Oleh and his family left Mariupol on January 26, first to Zaporizhzhya, then to Dnipro. But his former wife with an invalid son and mother-in-law remained in the city.
"On January 6 or 7, I arrived in Zaporizhzhya, where a convoy was being formed. We were supposed to go to Mariupol, but we were turned back in the area of Vasilivka. I decided to go on my own without the convoy and agreements. I called my acquaintance in Berdiansk, who had already travelled to Mariupol. He told me how to go. Three cars maximum. 16 checkpoints. On January 24, I managed to get to Mariupol myself.
I'm travelling in the middle of nowhere. There are anti-tank hedgehogs. People with weapons. I saw the occupiers for the first time. They stopped me. A tank was burning, it was not clear whose. A young fellow traveller started taking selfies. I shouted: ‘Faster!’. We drove 2 km and there was a terrible explosion. It was a tank.
Mariupol. My mother's house is open. I took her photo. She was already dead. I went to my ex-wife's place. There were wires, sparks, some piles... I realised that these were dead people, they were covered with rags. A shoe stuck out of the pile. I was in shock.
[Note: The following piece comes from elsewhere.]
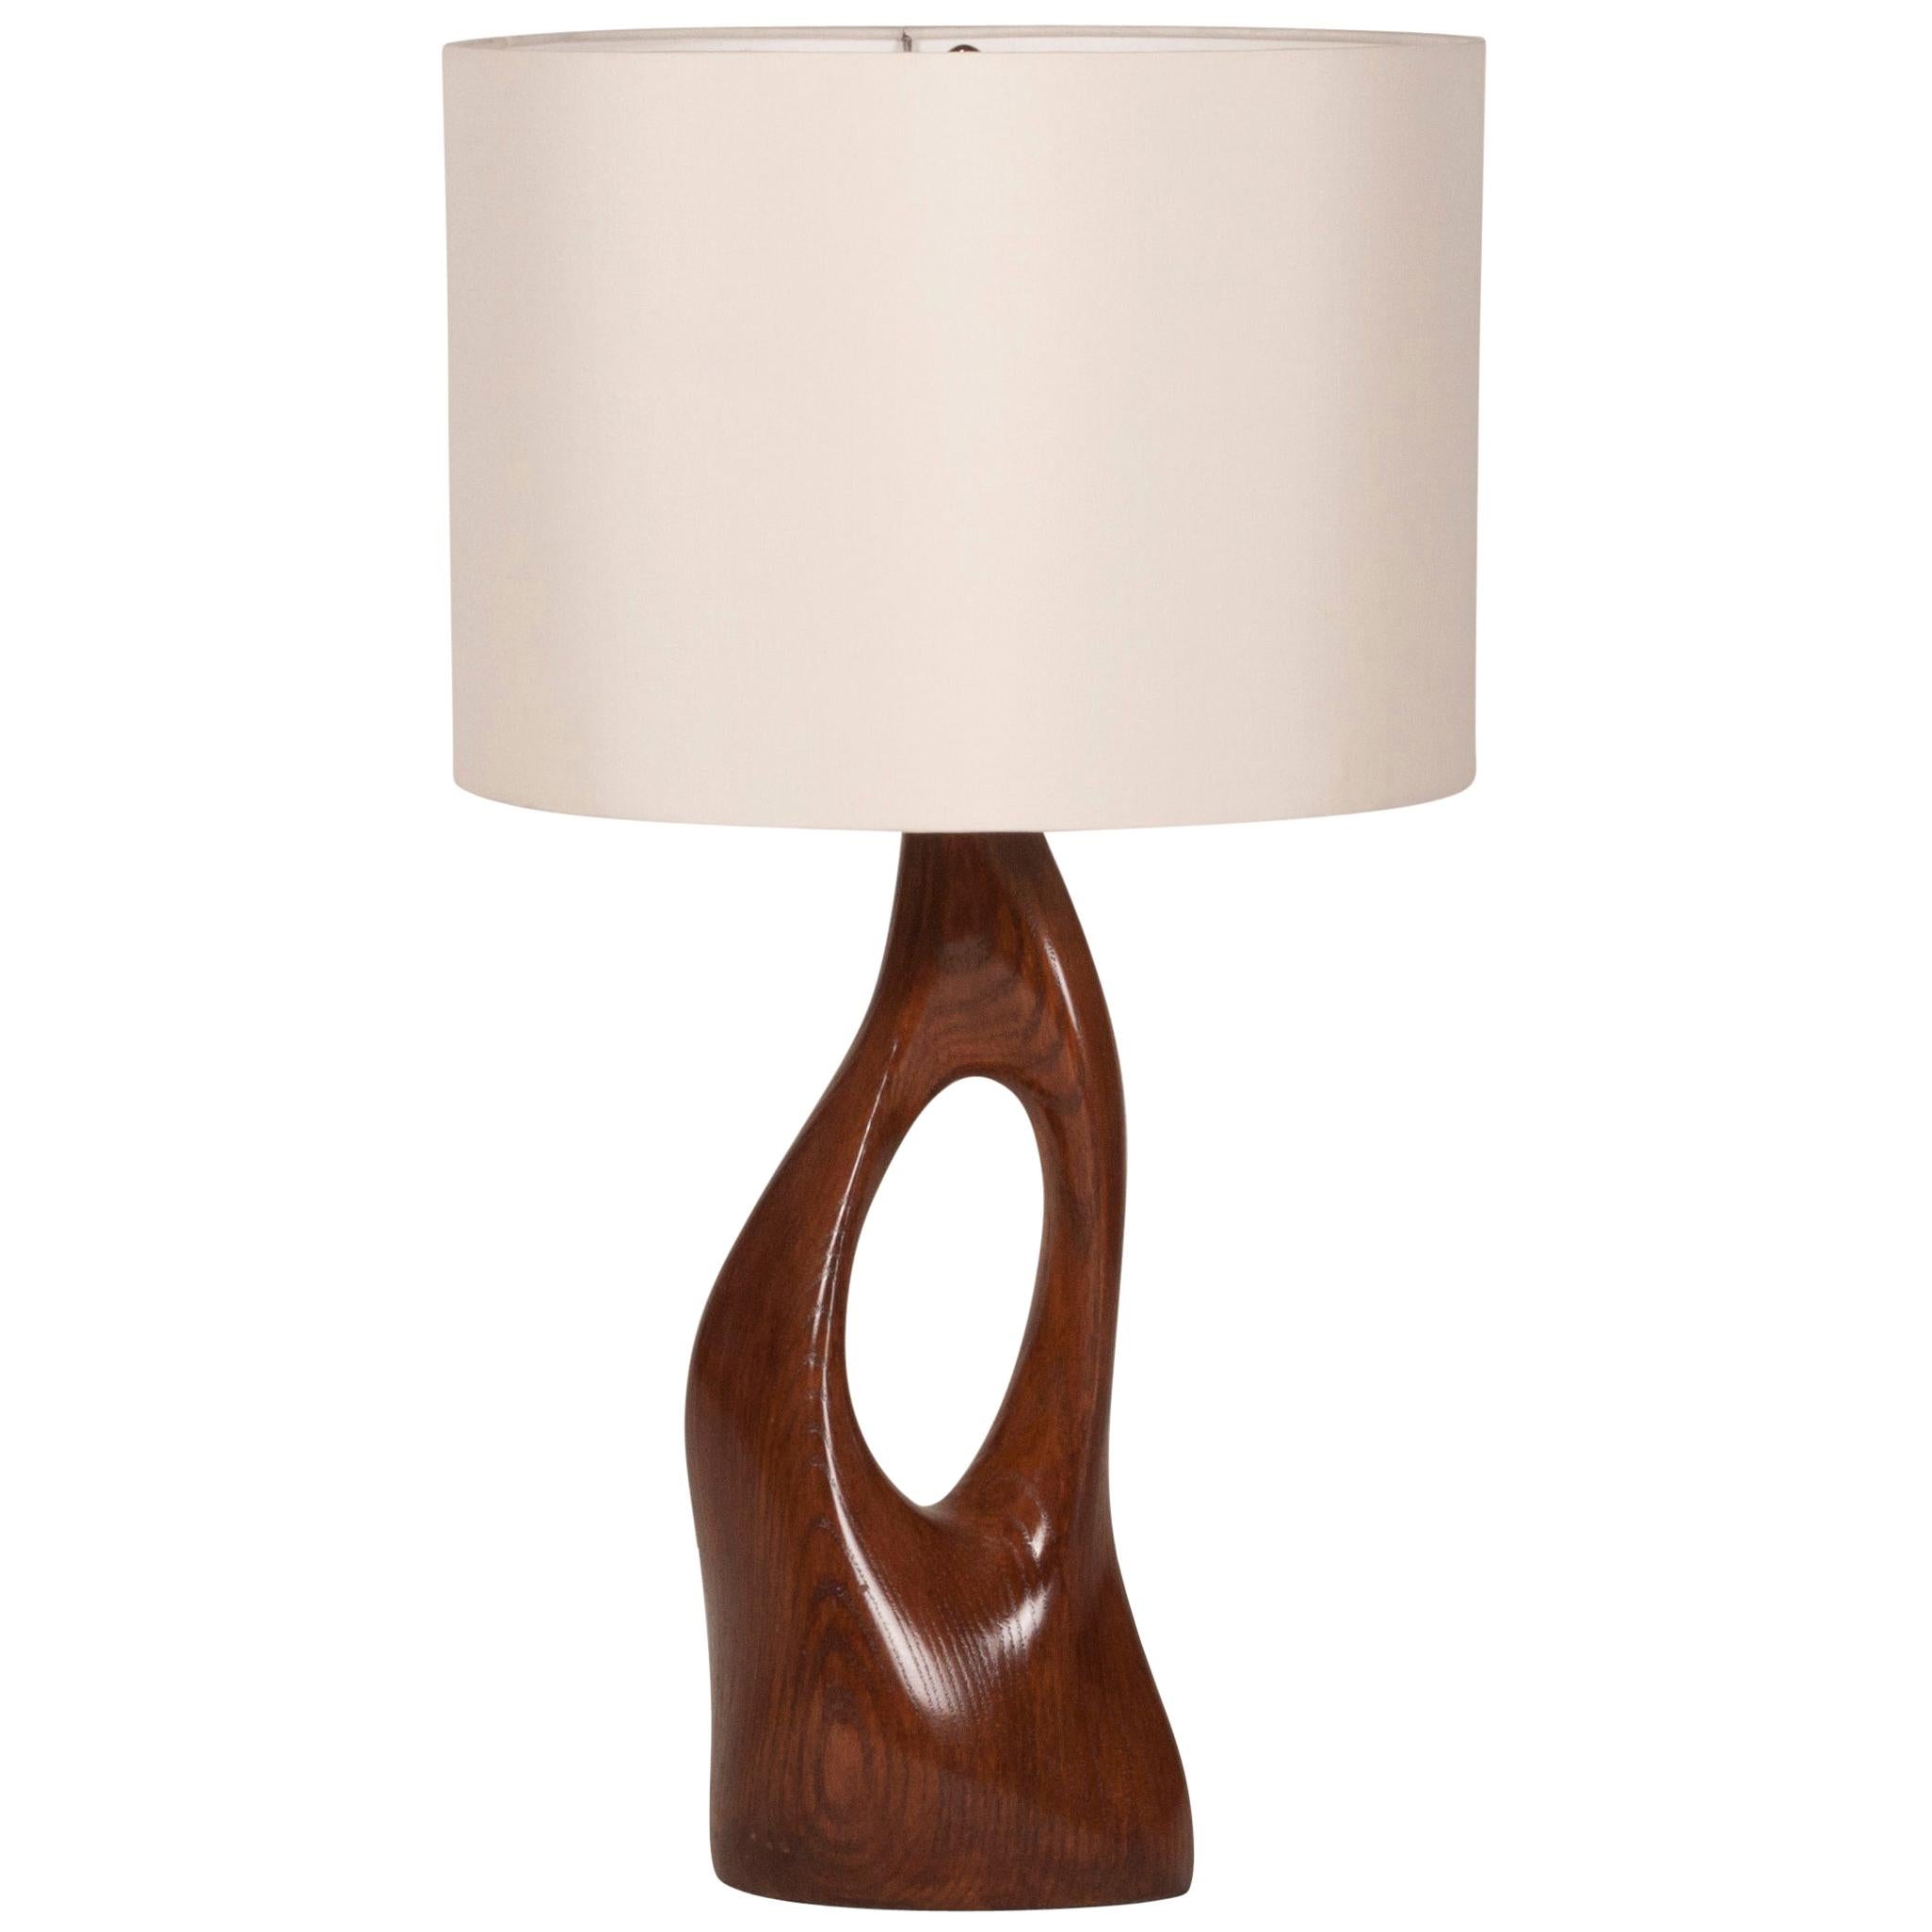 Amorph Helix Table Lamp, Solid wood, Walnut Finish with Ivory Silk Shade

The neighbouring house, number 26, is burning down. Mine seems to be intact. I took some food. I open the trunk. People come out of the basements. One, two, three, four... I ask where the woman and the child are. ‘On the fifth floor.’ I go upstairs and jump over the hole in the staircase. Their eyes are indescribable! How do you leave an apartment? The fur coats, the TV. I gave them 5 minutes,' said Oleh, a resident of Mariupol.